** Opening Input data block **

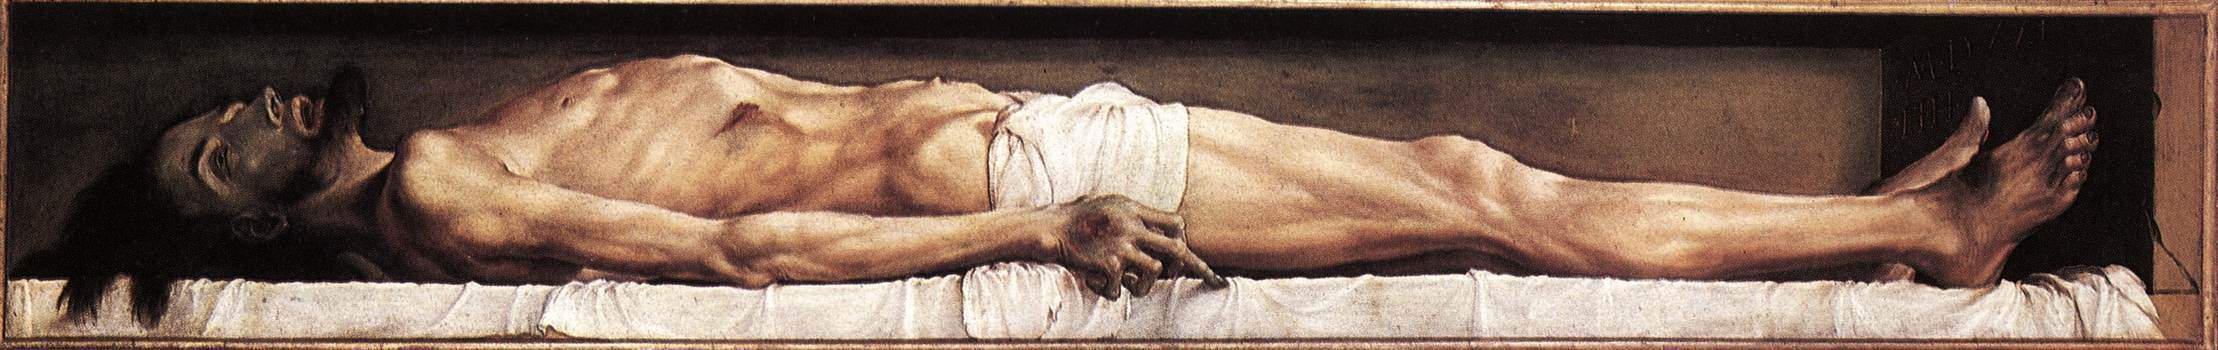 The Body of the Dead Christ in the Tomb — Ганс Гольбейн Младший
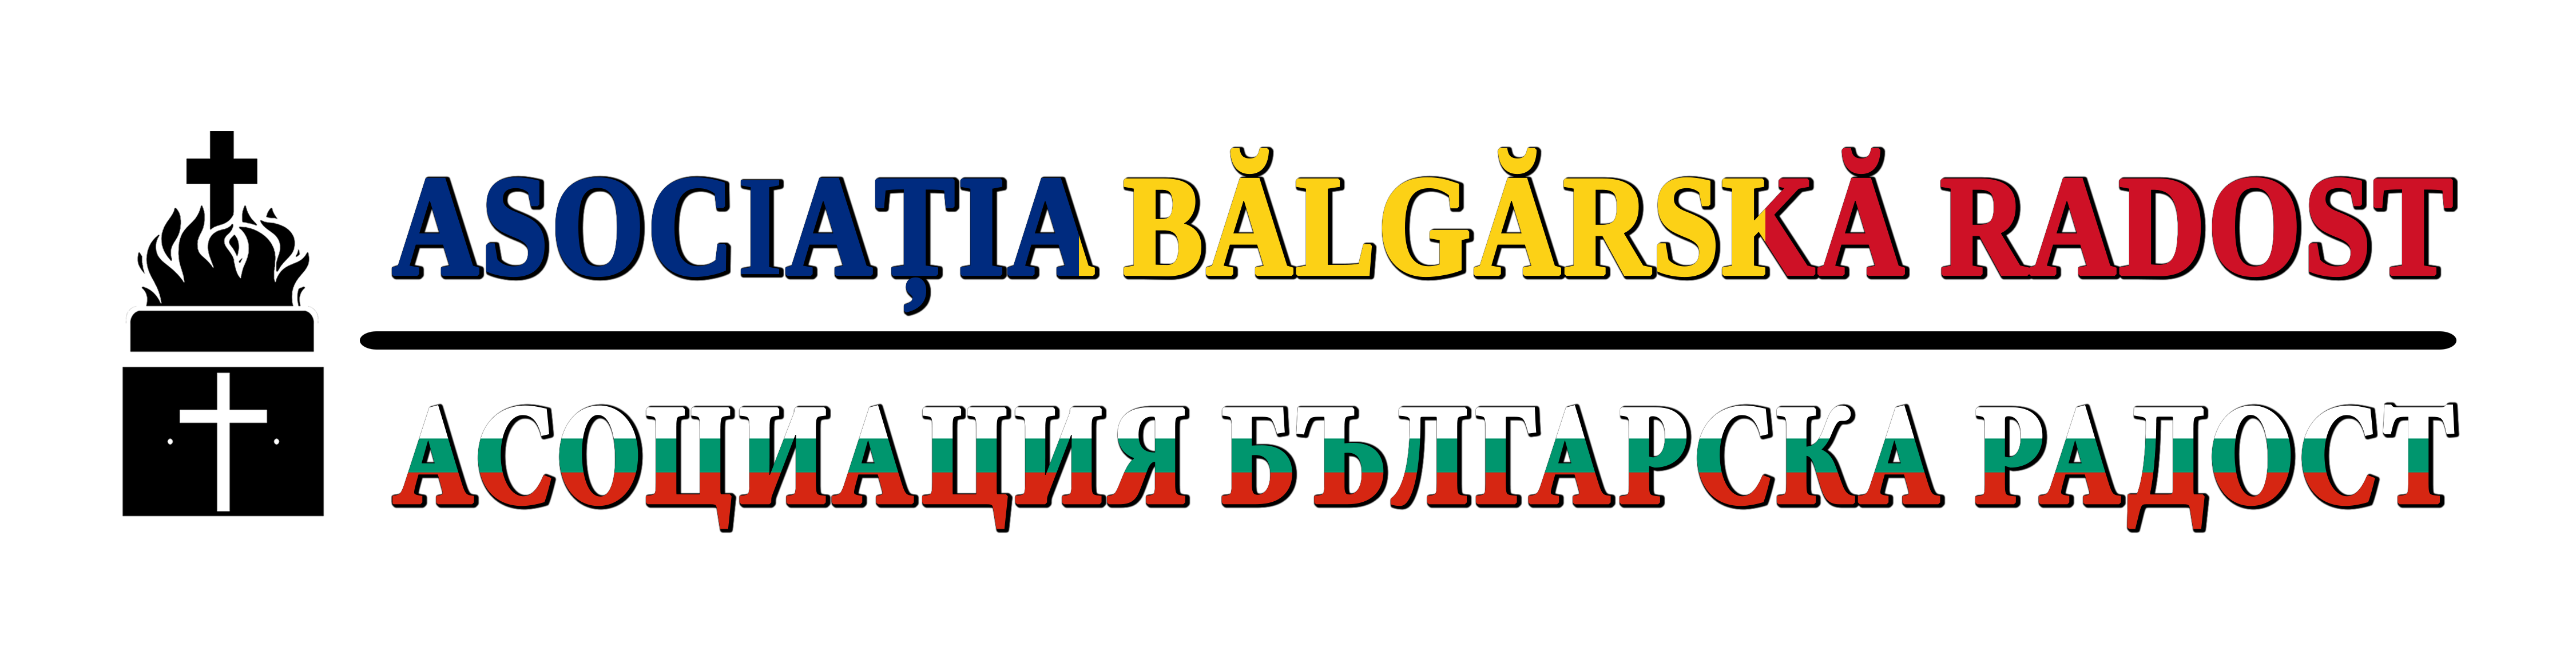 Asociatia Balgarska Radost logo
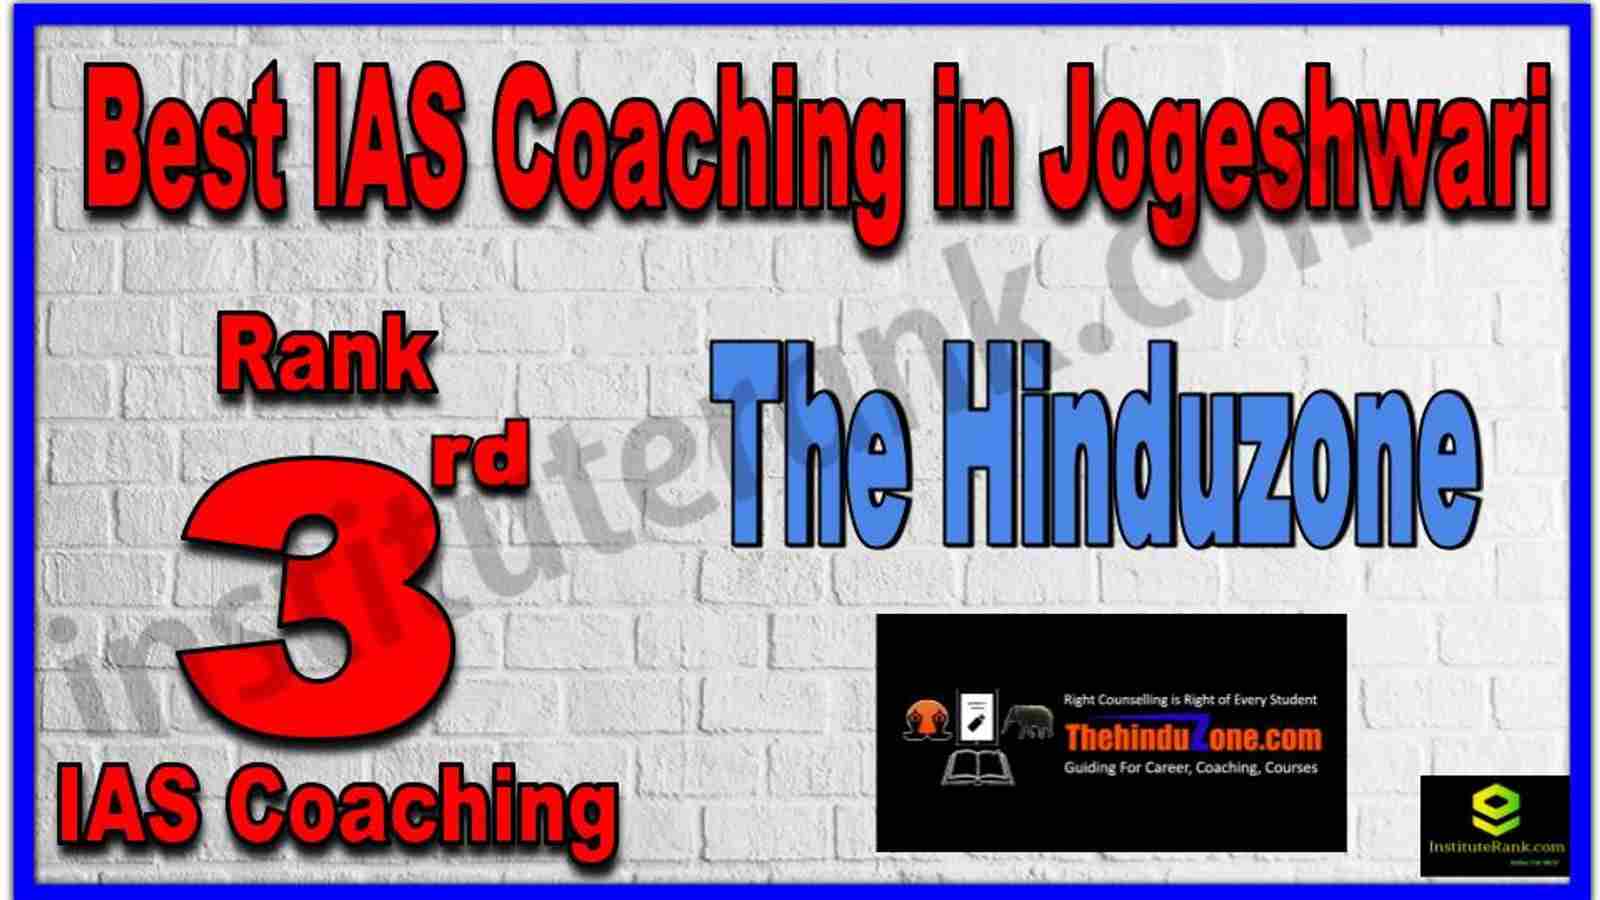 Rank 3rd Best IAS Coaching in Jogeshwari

** Closing Input data block **

*Problem statement*:
Could you return the listing above exactly, minus its pictures?

*Response below*:
 The Body of the Dead Christ in the Tomb — Ганс Гольбейн Младший
 Asociatia Balgarska Radost logo
 Rank 3rd Best IAS Coaching in Jogeshwari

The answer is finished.